There is no question in my mind, Montie, that is is dreadfully stressful work, nor that some are overmastered by it; I don't expect officers to be supermen. The real test is, what do they do next. And I 'spect we're of like mind that this fellow did the wrong thing long before he struck any motorcycles.

pdb said...

Bisard was charged this afternoon with seven felony counts of drunken driving and reckless homicide in a deadly accident involving two motorcycles last week.

And he's free on $10000 bond. I reiterate: Crock.

Roberta X said...

Maybe, maybe not. The prosecutors office -- much as I distrust Carl Brizzi -- is in a position to have more info about a local LEO than they are most other perps.
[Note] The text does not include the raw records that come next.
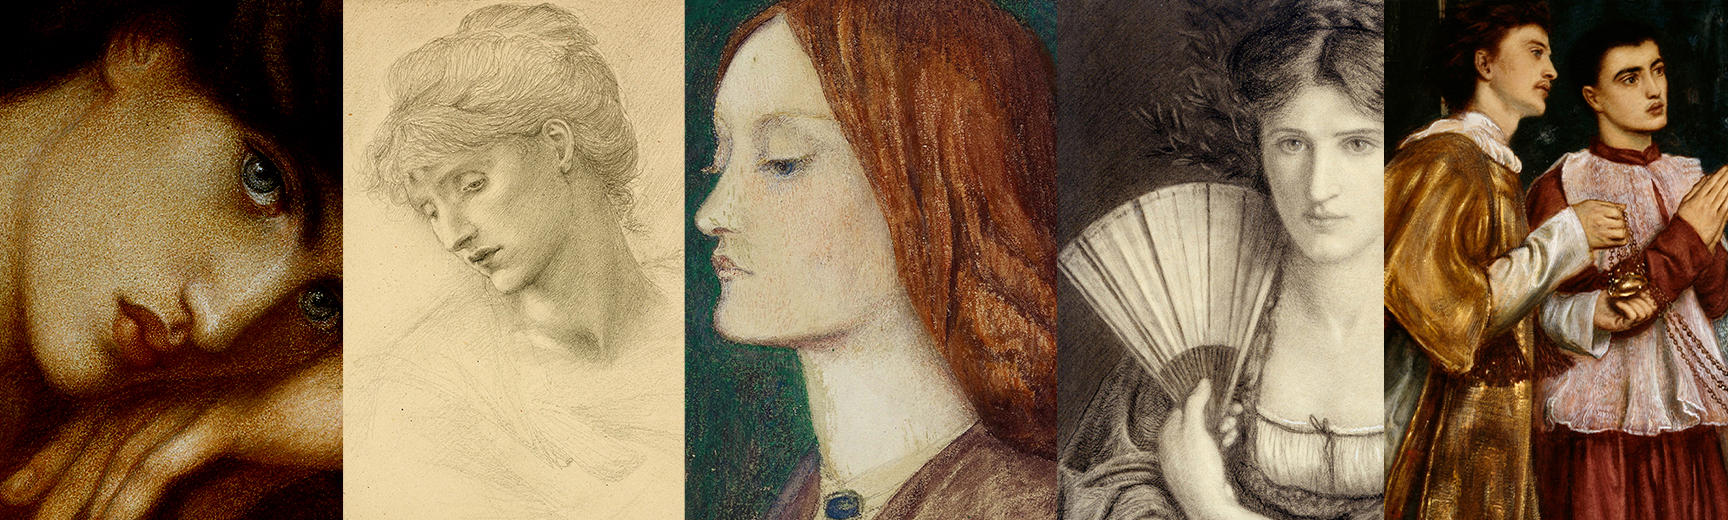 Pre-Raphaelite stunners portraits in a composite image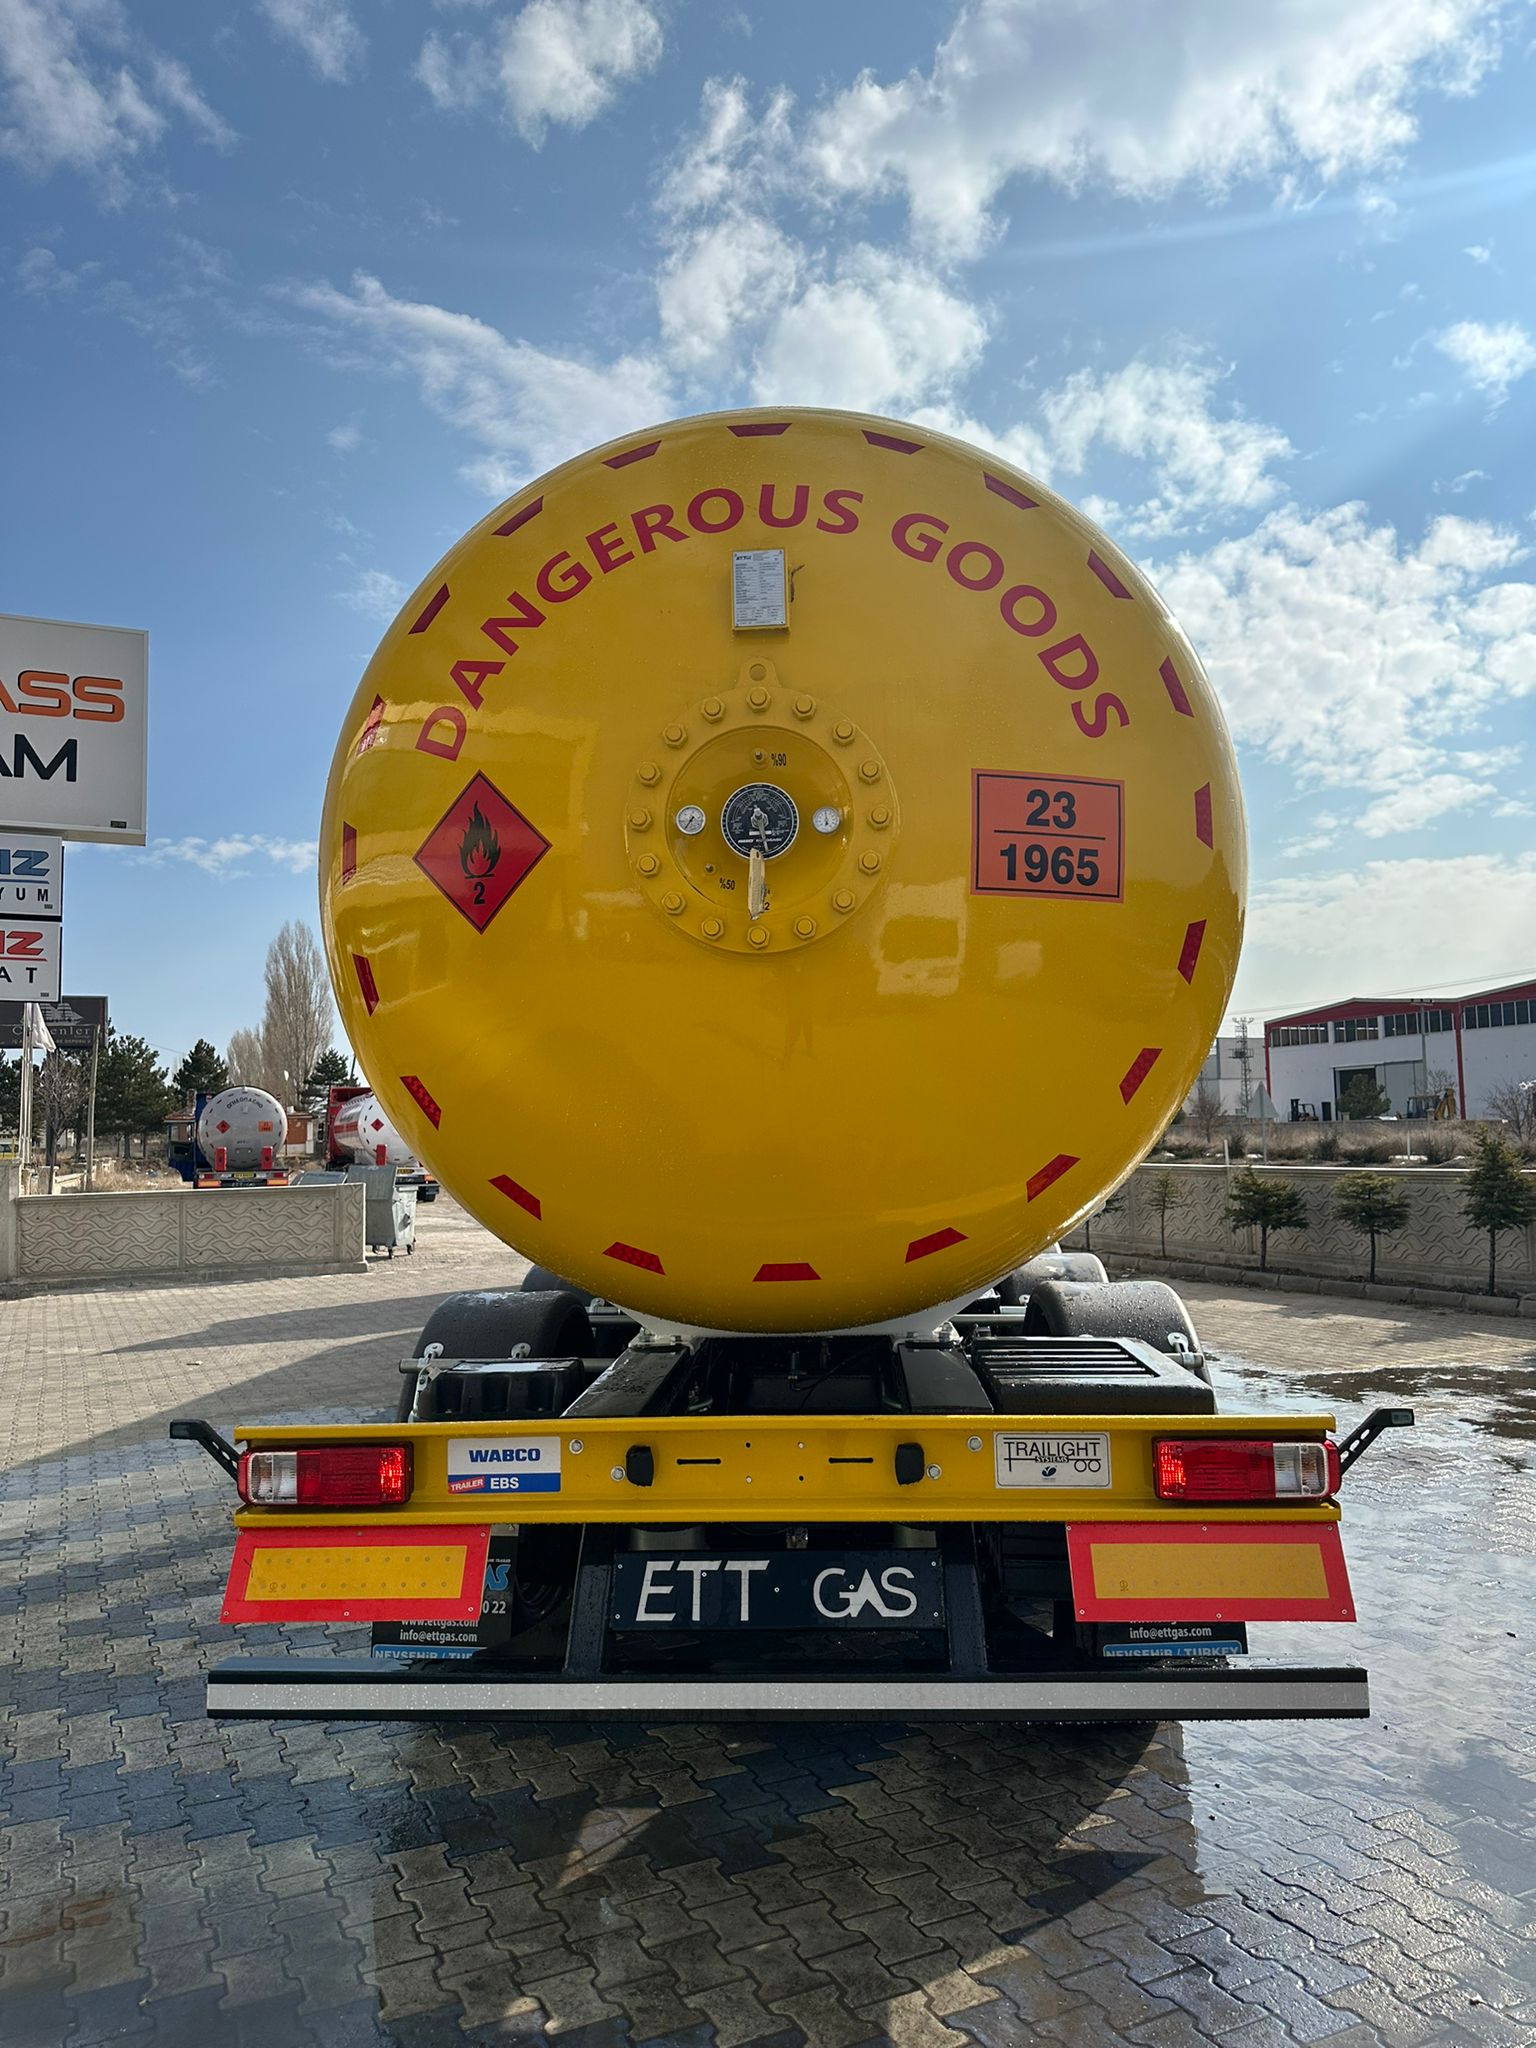 We delivered 70 m3 LPG Trailer with ADR Certificate (P25BN) 4 axles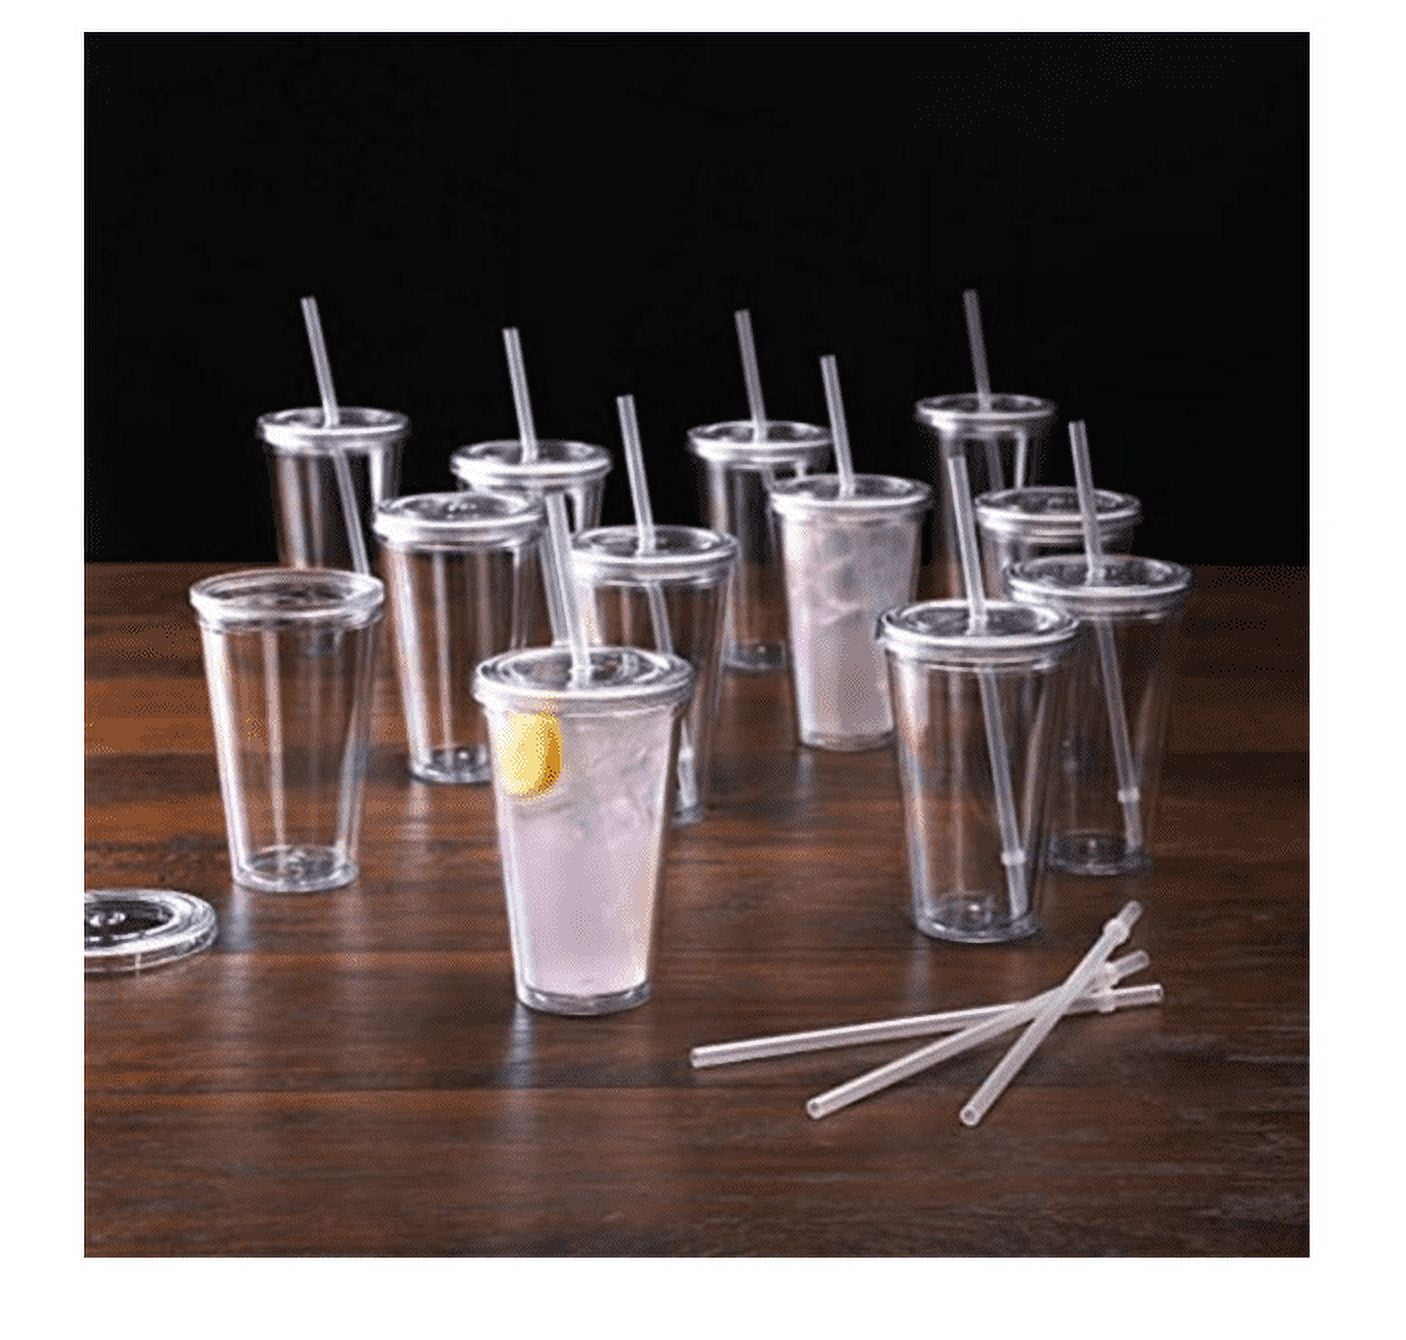 Tumblers with Lids and Straws.16 oz Clear Pastel Colored Plastic Acrylic Travel Tumblers Cups.Double Wall Insulated Matte Reusable Tumblers Bulk for

Tam caught the obligatory walking-to-court TV coverage this morning and reported the guy had the kind of look that made her suspect he might go home and eat a gun.

Matt G said...

PDB-- they threw the book at him. 7 counts. They arrested their own guy. They have a list of witnesses that is a who's who of the department crash scene and those on scene.

The arraigning magistrate set the bond, to see that he comes to trial. Without evidence issued that he might abscond, $10k is only a little low. Initial bond setting is not about punishing the guy-- it's to get him to come to trial. If the magistrate wants to, he could P.R. bond him. Or set bond at $100. Whatever.

I've seen plenty of other guys walking around free the day after their Intox Assault or Intox Manslaughter cases.

If he does anything stupid, he'll have his bond revoked.

If he goes to trial (and really, what has he got to lose by doing so?), he'll do a lot of prison time before this is done. I predict 10-20 years.